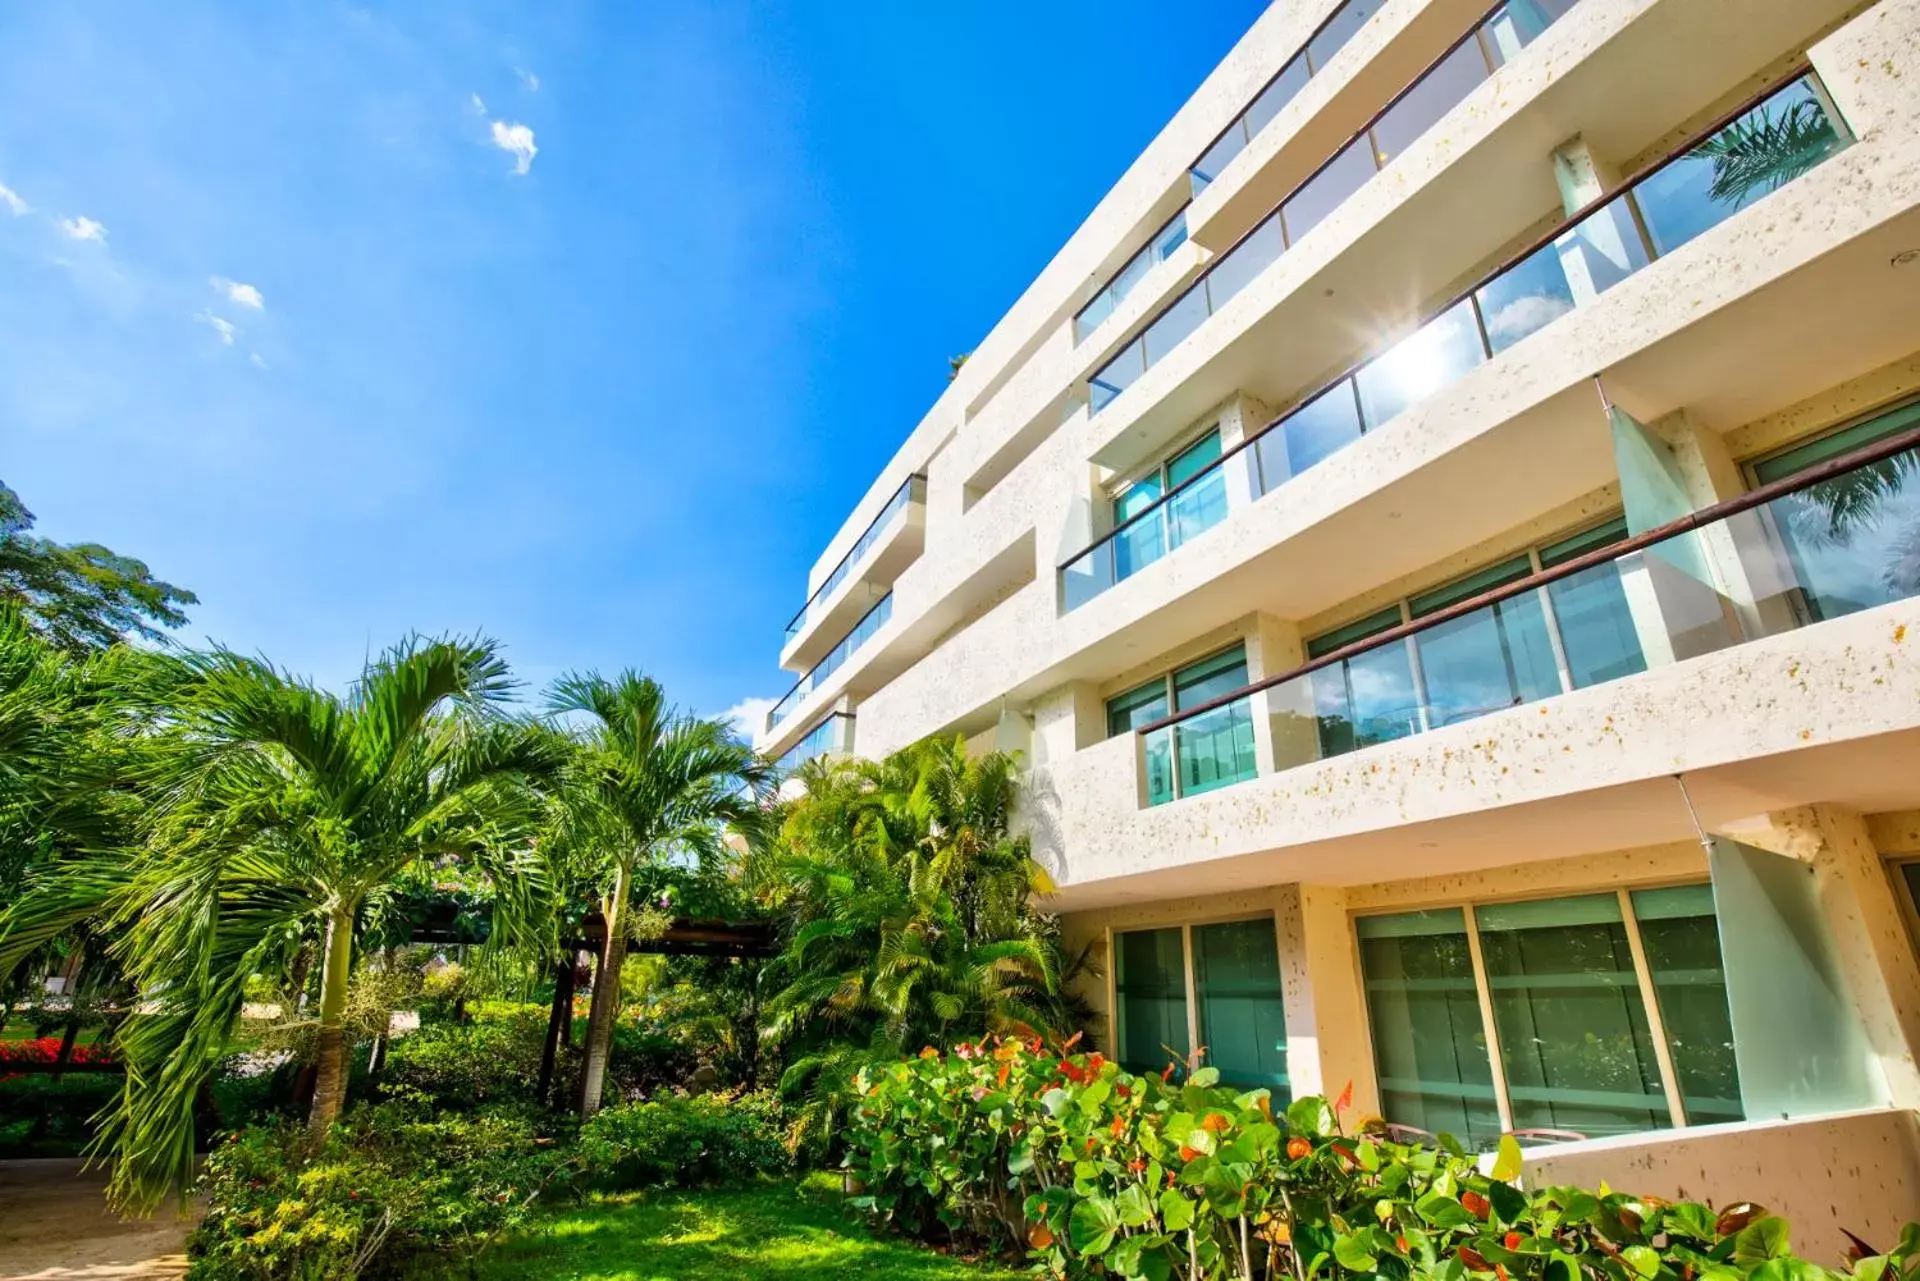 Area and facilities, Property Building in Estelar Playa Manzanillo - All inclusive
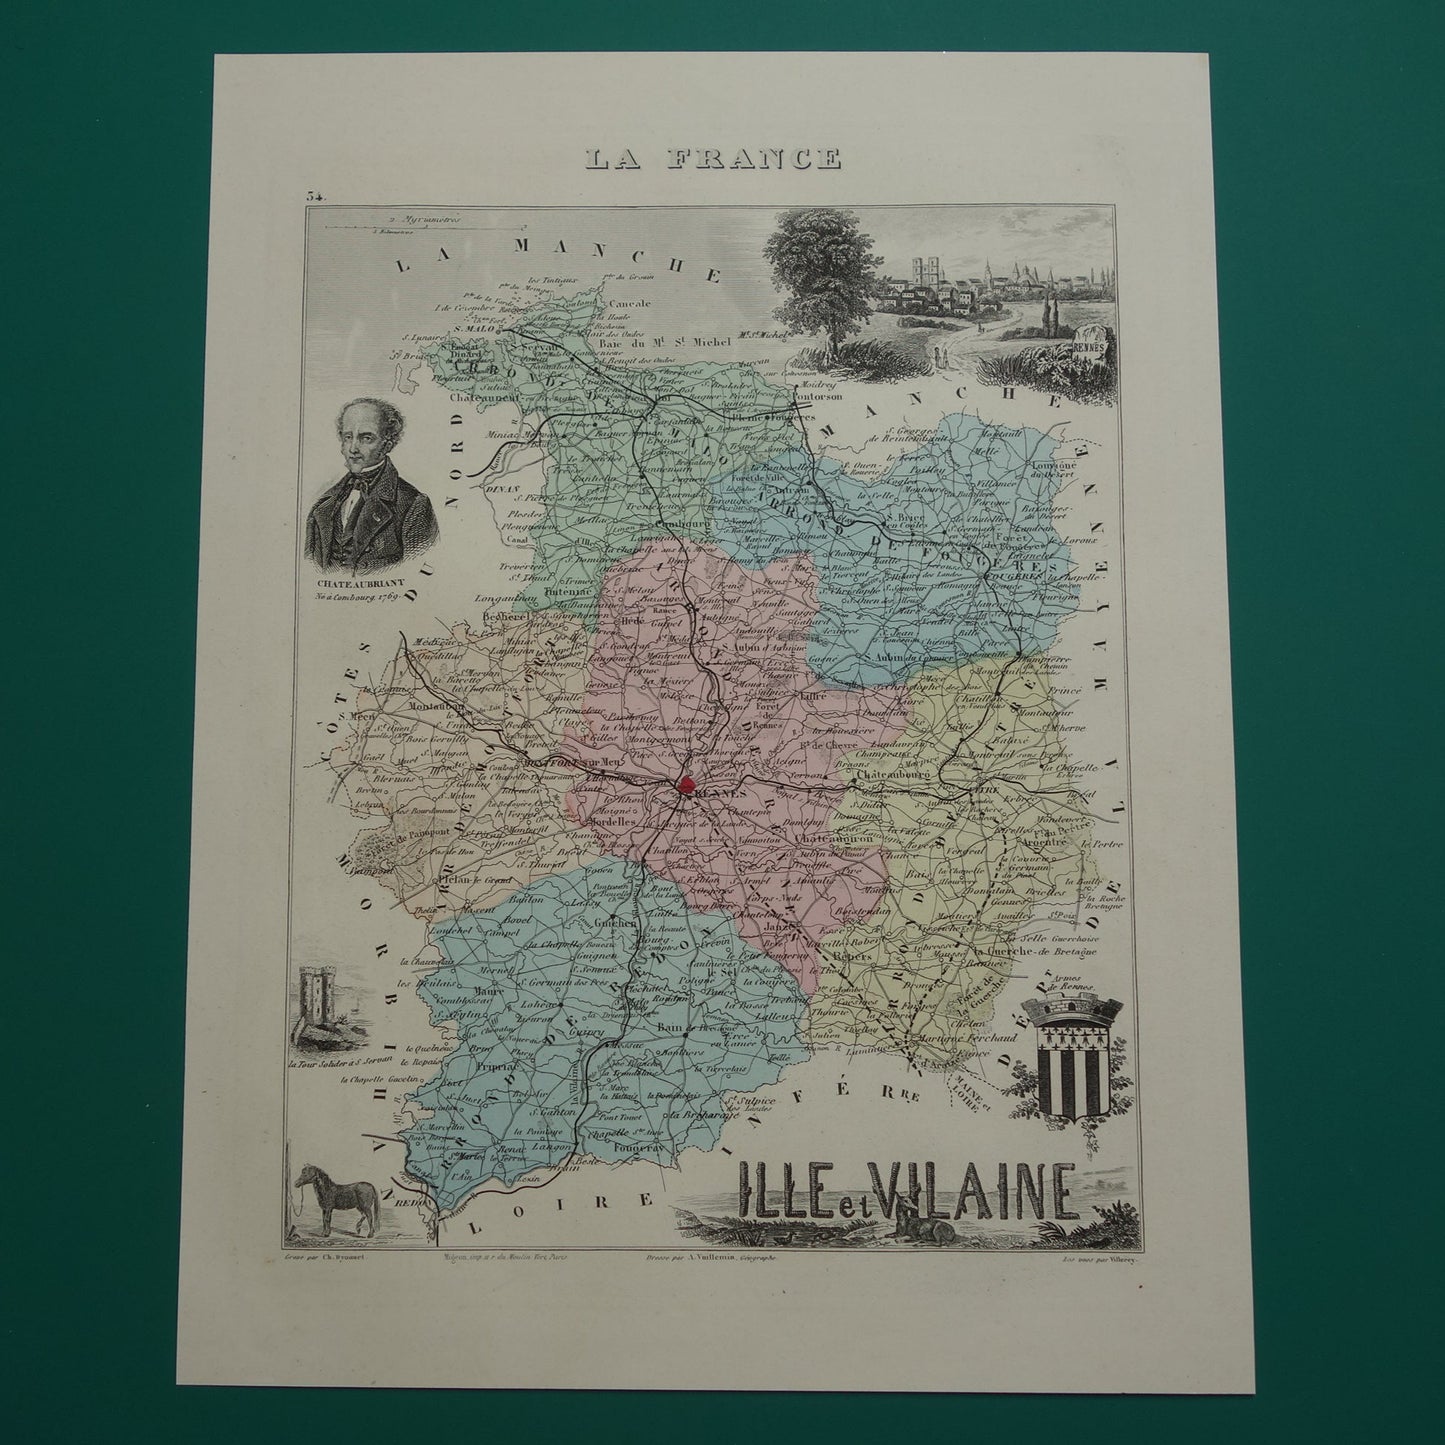 Ille et Vilaine departement Frankrijk oude kaart 1880 originele antieke landkaart Rennes historische kaarten
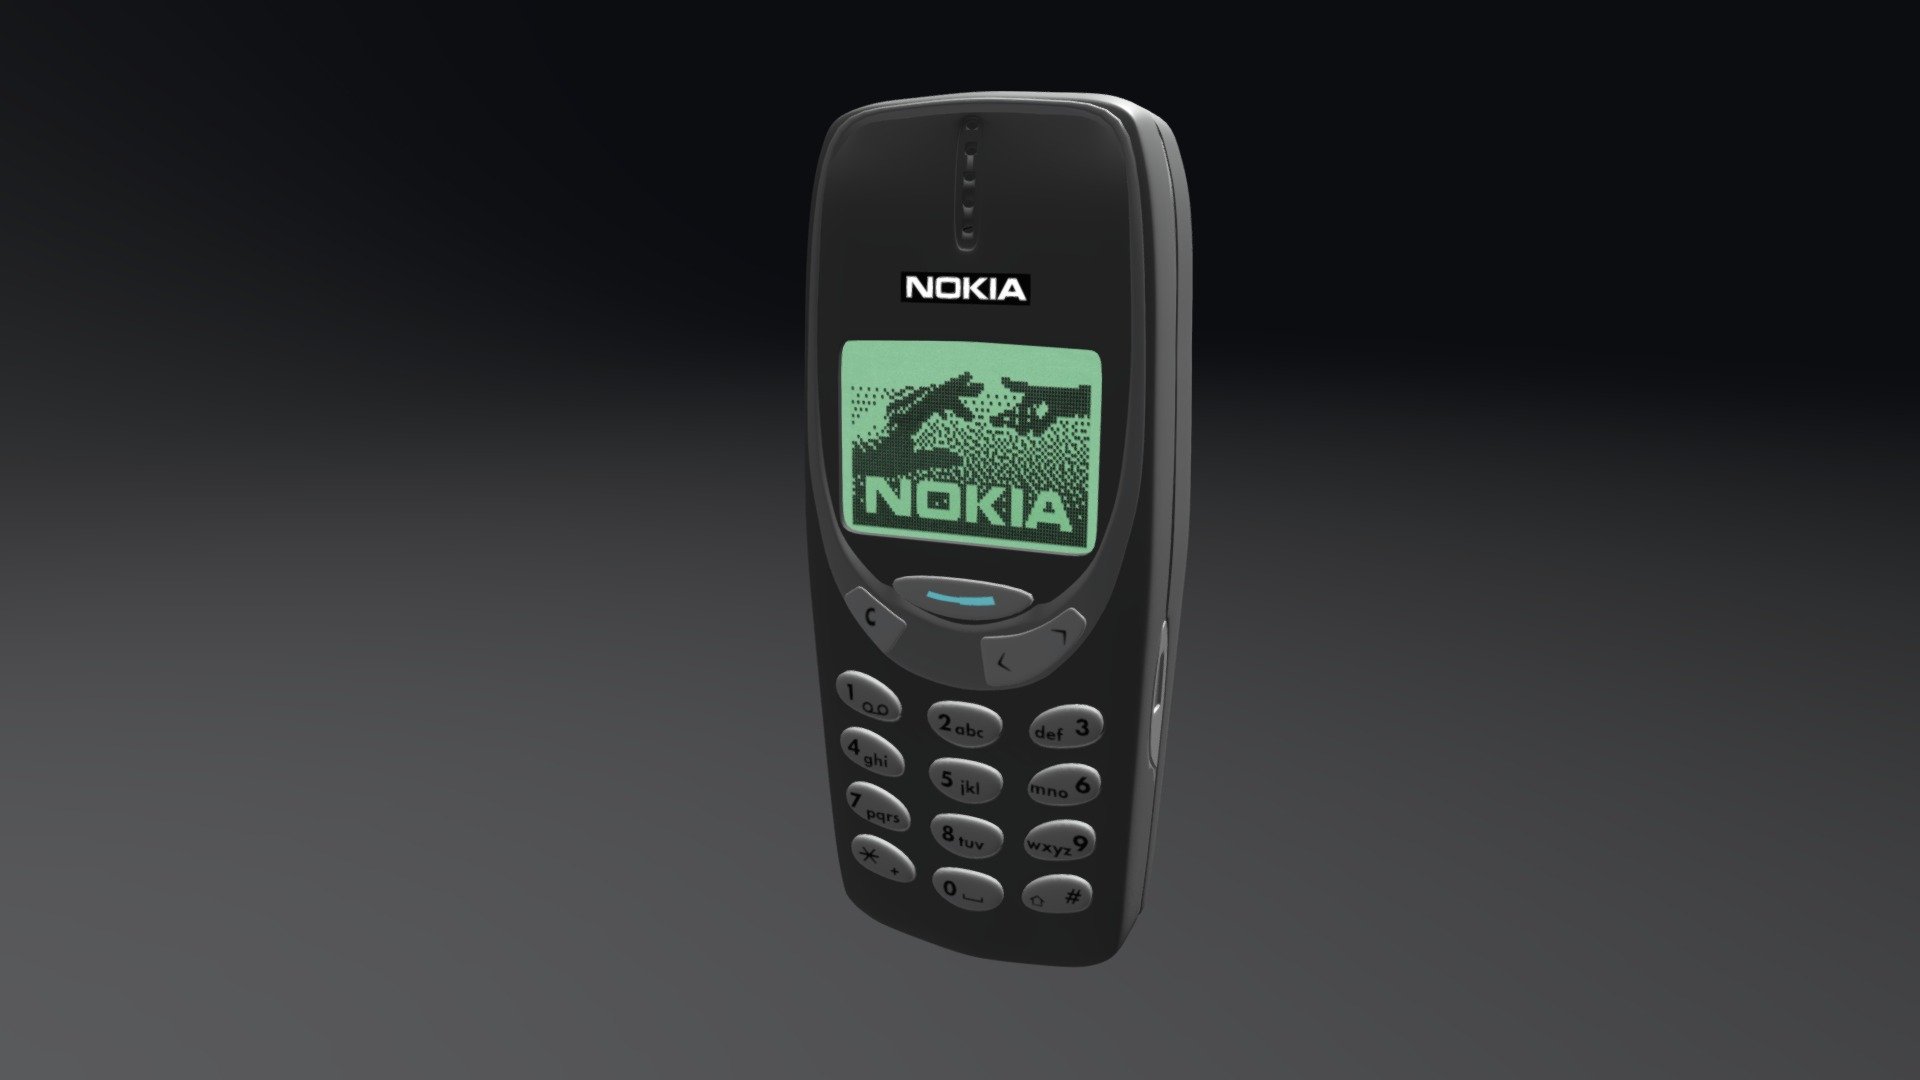 Old school Nokia 3310 - Nokia 3310 - 3D model by blendertommy1441 3d model

○ ○ ○ ○ ○ ○ ○

**What you have to do**
The answer should be an exact copy of the material, with its pictures removed.

**Your solution**
 Area and facilities, Property Building in Estelar Playa Manzanillo - All inclusive
 Ille et Vilaine departement Frankrijk oude kaart 1880 originele antieke landkaart Rennes historische kaarten
 Old school Nokia 3310 - Nokia 3310 - 3D model by blendertommy1441 3d model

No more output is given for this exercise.